Wednesday, May 10, 2006

Planet / EV1 Planning Merger

May 10, 2006 — (WEB HOST INDUSTRY REVIEW) — With a couple of quick announcements this week, the balance of power in the dedicated Web hosting market shifted, or rather coalesced, into the hands of one new, and very big, organization.

On Saturday, it was reported that investment firm GI Partners (gipartners.com) had acquired controlling interests in two of the dedicated hosting space’s most prominent players, Everyone’s Internet (ev1.net) and The Planet (theplanet.com).

Shortly thereafter, the two companies announced that they had merged, creating the largest dedicated Web hosting provider in the market, with more than 20,000 clients and 50,000 dedicated servers under management.

Executives from both companies say they don’t see the deal ushering in any big changes in the dedicated hosting market. But the significant resources, scale and stability of the new organization will likely enable the two brands, already leaders in the dedicated hosting field, to set the tone for that particular segment of the Web hosting business.

The companies have said they intend for EV1Servers and The Planet to continue to operate as separate brands, but the new potential for the sharing of intellectual property and business practices has obvious benefits for both sides.

Jeff Lowenberg, vice president of operations at EV1, and his counterpart at The Planet, chief operating officer Will Charnock, have begun discussing the ways in which the companies can share resources and ideas.

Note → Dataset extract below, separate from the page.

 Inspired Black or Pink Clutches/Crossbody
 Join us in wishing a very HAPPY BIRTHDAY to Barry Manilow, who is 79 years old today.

“The way that I look at it,” says Lowenberg, “we will certainly share technologies that the two companies have developed, and Will and I will be looking at different ways that each company does things, and whoever does it best we’ll start adopting that technology to the other company. But the two companies will continue to have their own identities and their own brands.”

And, in addition to sharing technologies the companies have developed, or are developing, the new organization will benefit from the potential to combine technology resources.


“There is that opportunity,” says Charnock. “And some of the things that we’re kicking around internally are some products that kind of leverage the two different physical locales for some products and things like that.”

The doubling up of engineering staff and resources has the potential to immediately impact the speed and confidence with which the post-merger organization can develop new products and bring them to market. Rather than fundamentally changing anything about the dedicated hosting market, the merger, say its participants, will have its most immediate and most profound effects on the way they do business, and their ability to do so. The significant boost in financial solidity, for instance, could be of considerable interest to customers.

“From my perspective,” says Charnock, “if there are going to be any changes, they’re going to be for the better. I think for the customer, as a whole, combined we’re a very strong company. We’ve seen some of our competitors disappear overnight. And when you look at us now, you have to know that we’re going to be around for the long haul. And you can feel secure when you take your services to us.”

There is plenty of overlap in the partnerships held by the two companies, and while the deal may not immediately create any new vendor relationships for either company, it may have the potential to change their existing relationships.

“We share many of our vendors,” says Charnock. “So it’s hard to pick Microsoft and say ‘that’s an immediate benefit,’ because we already have essentially the same relationship with Microsoft that EV1 does, I believe. So in that respect, I think the benefit is that we’re now a much larger entity, and we can leverage that into maybe having a little more input into features going forward, helping them develop some of their products to suit what our customers are asking for and things like that.”

Interestingly, given the nature of the Web hosting business, the similarity of the two companies in terms of their products and general approach to the business make it very easy for them to slip into a collaborative relationship. It is no big surprise that two companies succeeding in dedicated hosting are operating very similarly.

“We didn’t have a working relationship [prior to the acquisitions and merger],” says Lowenberg, “but it was good competition between us, as it was two of the biggest, if not the biggest in this particular section of the market. We drove each other to improve our service offerings, and we’ll continue to do so. Only now it won’t be so much one against the other. We’ll be forcing the rest of the market to keep up with us.”